O cenário do mercado de grãos no país e as consequências de eventos extremos, como as enchentes no sul do Brasil e as queimadas em diversas regiões, a indústria de etanol de milho e o uso de DDG FS na avicultura, a infraestrutura portuária e ferroviária no país e soluções logísticas para a avicultura serão temas discutidos durante o Encontro Agroindustrial de Logística e Suprimentos (Agrologs), que vai ser realizado durante a Conferência Brasil Sul da Indústria e Produção de Carne de Frango (Conbrasfran), de 25 a 27 de novembro, em Gramado, na serra gaúcha.

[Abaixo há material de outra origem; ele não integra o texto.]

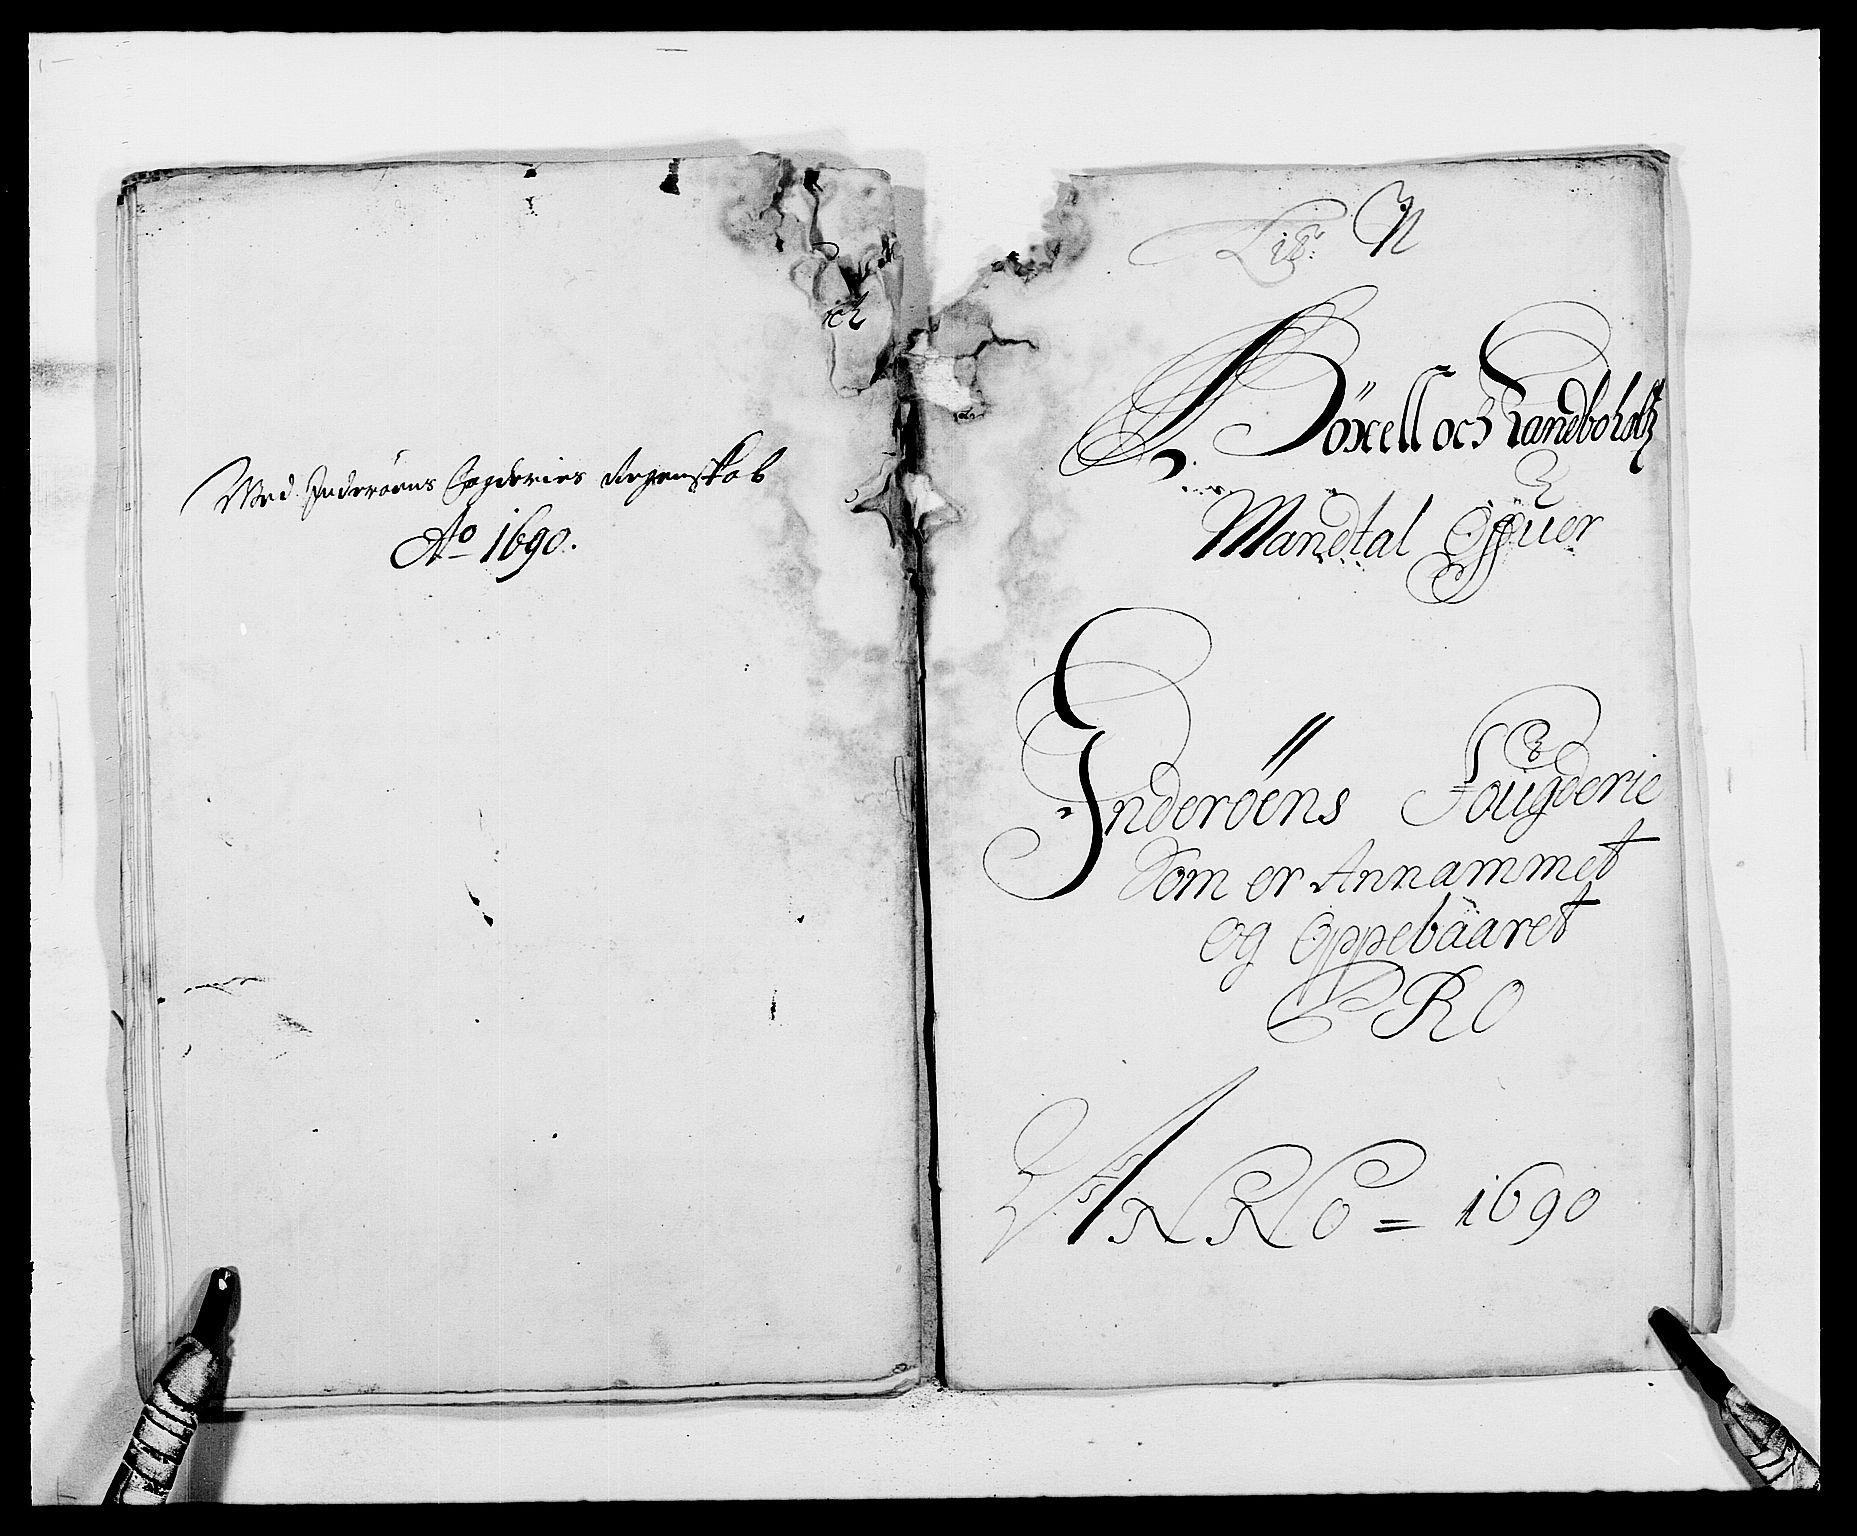 RA, Rentekammeret inntil 1814, Reviderte regnskaper, Fogderegnskap, R63/L4307: Fogderegnskap Inderøy, 1690-1691, s. 175

Entre os debatedores, estão a diretora Executiva de Suprimentos da Seara, Arene Trevisan, o gerente de Marketing da FS Indústria de Biocombustível, Rodrigo Galli, o coordenador do Grupo de Logística da Associação Brasileira de Proteína Animal (ABPA), José Perboyre, o coordenador do Conselho da Agroindústria (Conagro) da Federação das Indústrias do Rio Grande do Sul (Fiergs), Alexandre Guerra e o diretor Comercial do Tecon RS, Rodrigo Velho. Dividido em dois painéis, um de Suprimentos e Nutrição Animal e outro sobre Logística: Estrutura e Transporte, os debates terão a moderação do gerente de Logística e PCP da Agrosul Foods, Patrick Kinast.

Realizada pela Associação Gaúcha de Avicultura (Asgav), a conferência vai reunir os elos mais estratégicos da cadeia produtiva para debater desafios, oportunidades, tecnologias, inovações e o futuro da produção e comercialização da carne de frango, disse o presidente Executivo da Asgav e organizador do evento, José Eduardo dos Santos. “A Conbrasfran será um evento único. Vamos debater temas abrangentes, reunir líderes de todos os elos da cadeia produtiva e proporcionar um excelente ambiente para negócios”, pontou. A programação completa da Conbrasfran 2024 está disponível na página do evento (https://conbrasfran.com.br/programacao/).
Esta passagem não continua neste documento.